AI market intelligence model · Live on Ollama

Quantiva

Fine-tuning a Local LLM into an Indian Equity Technical Analyst

A case study in fine-tuning, debugging, and benchmarking an 8B open-weight model into a focused, grounded domain assistant — built end to end on a Mac mini and a $0.067/hr rented GPU.

Qwen3-8BUnsloth (LoRA)llama.cpp / GGUFOllamaMongoDBPython

Hardware: Apple M2 Pro (16 GB) for dev + deployment; rented RTX 4090 for training/merge

Total GPU spend: ~$2–3 across the entire project

View on Ollama

1. The problem

I wanted a local LLM that behaves like an Indian equity technicalanalyst: given a stock's recent price action, it should produce a structured, disciplined read — correct overbought/oversold classification, clear invalidation levels, Indian-market conventions (₹, NSE symbols, Nifty index tags) — and do it entirely on my own machine, fed by my own market database.

Out of the box, the base model (Qwen3-8B) was not fit for this. When handed a stock data block, it exhibited consistent, reproducible failure modes:

Inverted RSI logic — calling an RSI of 37 "overbought," or a deep-oversold reading "bullish momentum."
Wrong trade directions — placing stop-losses above entry, targets below.
Currency/format drift — "Rs" instead of ₹, occasional CJK characters in output.
No structural discipline — no reasoning block, no explicit "what invalidates this view."

The goal was to fix these specific, observable failures — and then prove they were fixed.

2. Architecture decision: fine-tune for skill, retrieve for data

The first real decision shaped everything else: the model should learn the skill of analysis, not memorize stock data.

Fine-tuning teaches voice, RSI logic, output format, and discipline. Done once.
A retrieval layer (MongoDB + a context-builder function) injects live data into the prompt at question-time.

This separation means the model never goes stale: prices update daily in MongoDB without ever retraining. The model is the analyst's brain; the database is the live data feed. It also rules out a whole class of problems — the model isn't expected to "know" prices, so it shouldn't be hallucinating them.

No vector DB — structured OHLCV lives in MongoDB and is queried directly. Universe: Nifty 500 / total market, ~5 years of daily candles already collected.

3. Data pipeline: get_stock_context()

The bridge between MongoDB and the model is a single function that, given a ticker:

Pulls ~60 daily candles from MongoDB.
Computes indicators: RSI(14), 50/200-day moving averages, 52-day range, period returns, volume ratio.
Formats a fixed text block — index header, ₹ values, the [TICKER NSE - Data as of …] convention.

This format is the contract: the model is trained on exactly this layout, so the inference-time context must match it byte-for-byte.

4. Training data: diversity over volume

I built the training set deliberately small and clean rather than large and noisy.

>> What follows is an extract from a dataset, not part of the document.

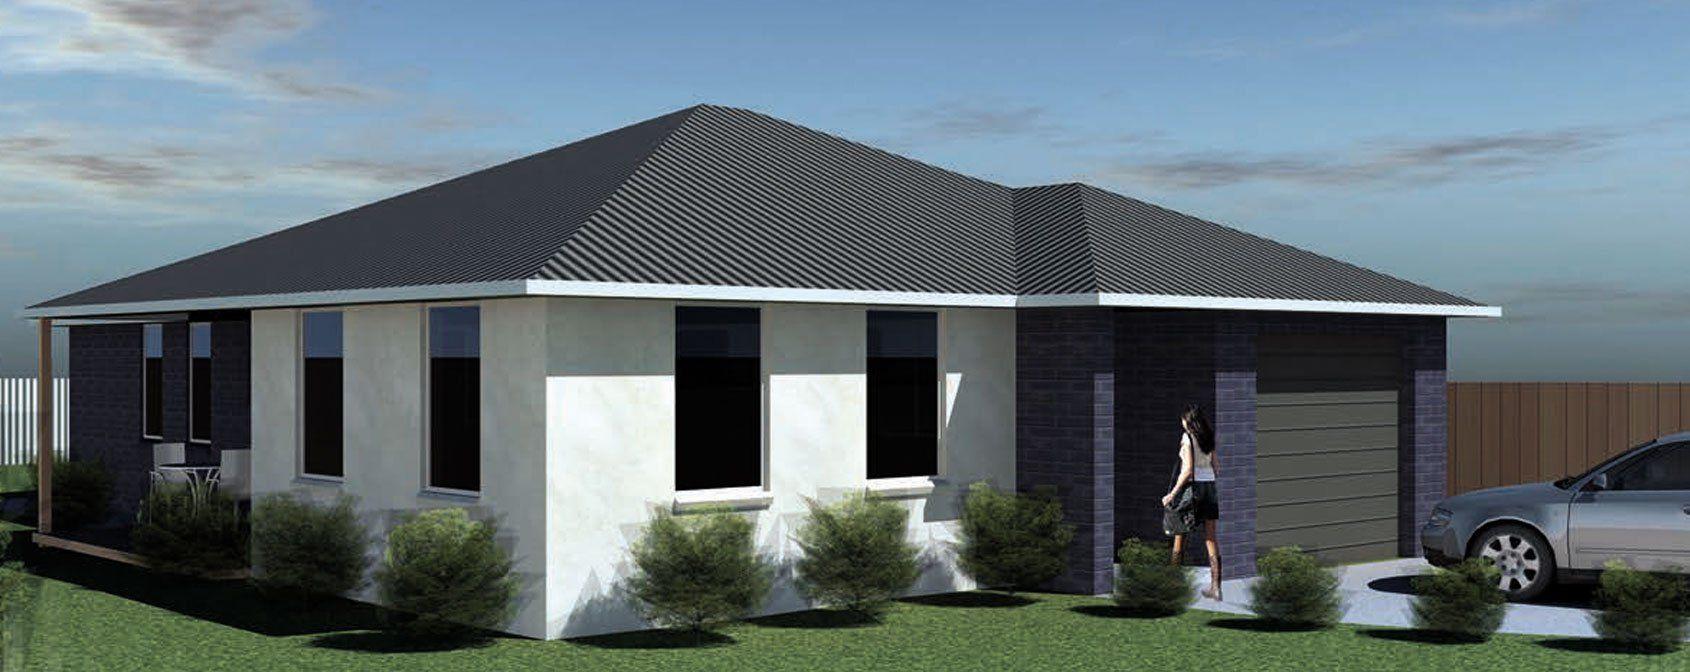 Whitelea bedroom new home design by wilson homes also floor plans in rh pinterest

5 hand-written gold-standard seeds spanning the RSI spectrum: RELIANCE (oversold 26.3), ADANIENT (overbought 76.6), ITC (oversold 27.9), HDFCBANK (neutral 37.3), LT (bullish-but-not-overbought 63.7).
Scaled to 205 examples via a deterministic, rule-driven generator, then an independent validator, then a language-variety pass for natural phrasing.
Validation gates: 0 ticker mismatches, 0 "Rs" leakage, 0 CJK characters, 0 RSI misclassifications, 197/199 unique headlines.

I deliberately did not scale to 500 — past ~200 clean, diverse examples, more rows mostly added redundancy. Split 90/10 (seed=42) → 184 train / 21 val, formatted as system→user→assistant conversations.

5. Fine-tuning: LoRA on a rented RTX 4090

Using Unsloth's FastLanguageModel on unsloth/Qwen3-8B (4-bit), LoRA adapters (r=16, α=16) on the attention + MLP projections, Qwen3 chat template, train_on_responses_only, 3 epochs, lr 2e-4.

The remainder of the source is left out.